A 2 year old might not understand molecules and chemical bonds, but he will have fun using small muscles building with marshmallows and toothpicks while his older brothers build carbon dioxide or water molecules. When we have made lapbooks in the past, I make a simpler version for the younger kids with less writing and more pictures. Almost any lesson can be simplified or made more complicated so that there is something for every age. You would be amazed at what young kids pick up and remember as they learn alongside older children.
Even when working on bookwork, I try to include everyone. If older ones are working in handwriting or copywork, younger ones can be coloring at the table too. Extra math manipulatives can be built with by a younger child while the older one uses them with his lessons.
When you have young children you have to learn to be flexible. Don’t be a slave to your schedule. If it is not working, change it.
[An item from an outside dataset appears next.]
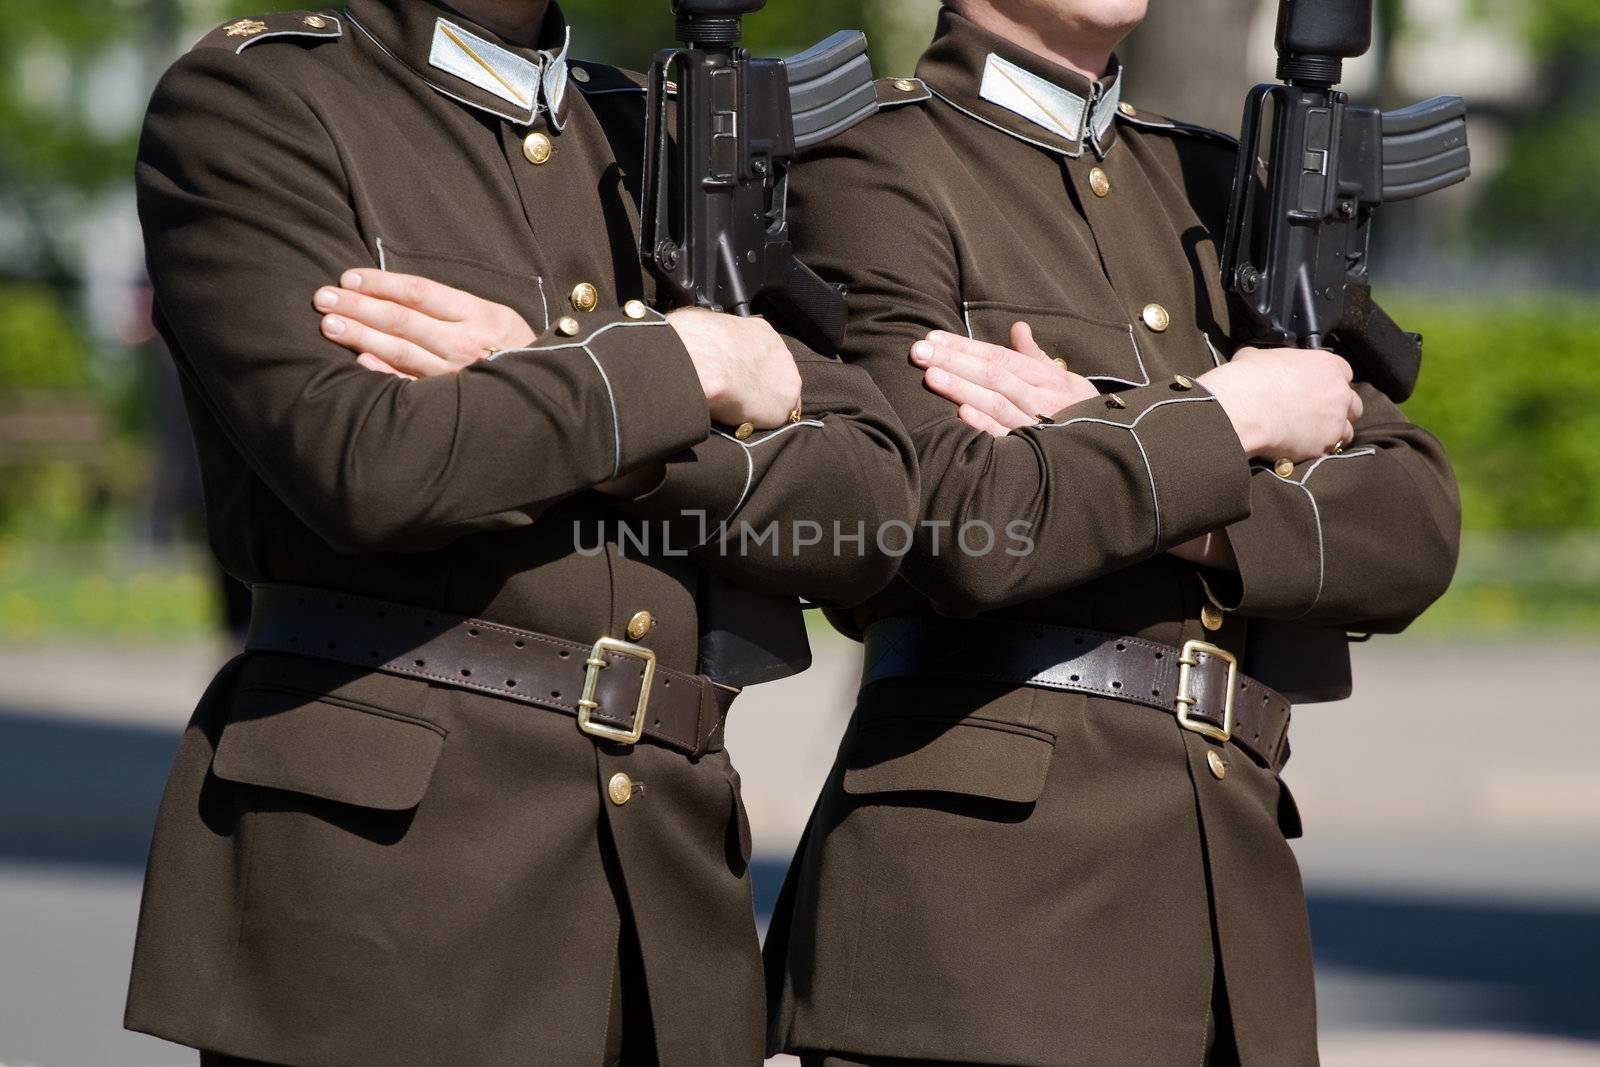 Two latvian honor guards with rifles marching

Just because public school starts bright and early in the morning doesn’t mean you have to. Do your history reading during lunch time. Have math lessons during nap time. Take turns reading books aloud at bedtime- you read one, he reads one- to get that reading practice in. Find what works for your family and do that instead. If your infant or toddler is having a bad day and just not being agreeable, take a break for a bit and try again later after some outside time or other fun activity. Take your learning on the road and allow natural exploration to take over instead of book work.
There will be days when you feel like nothing is getting done and your toddler is getting into everything. And there will be days when everything falls into place. Just keep your eye on the ultimate goal- happy kids who love to learn.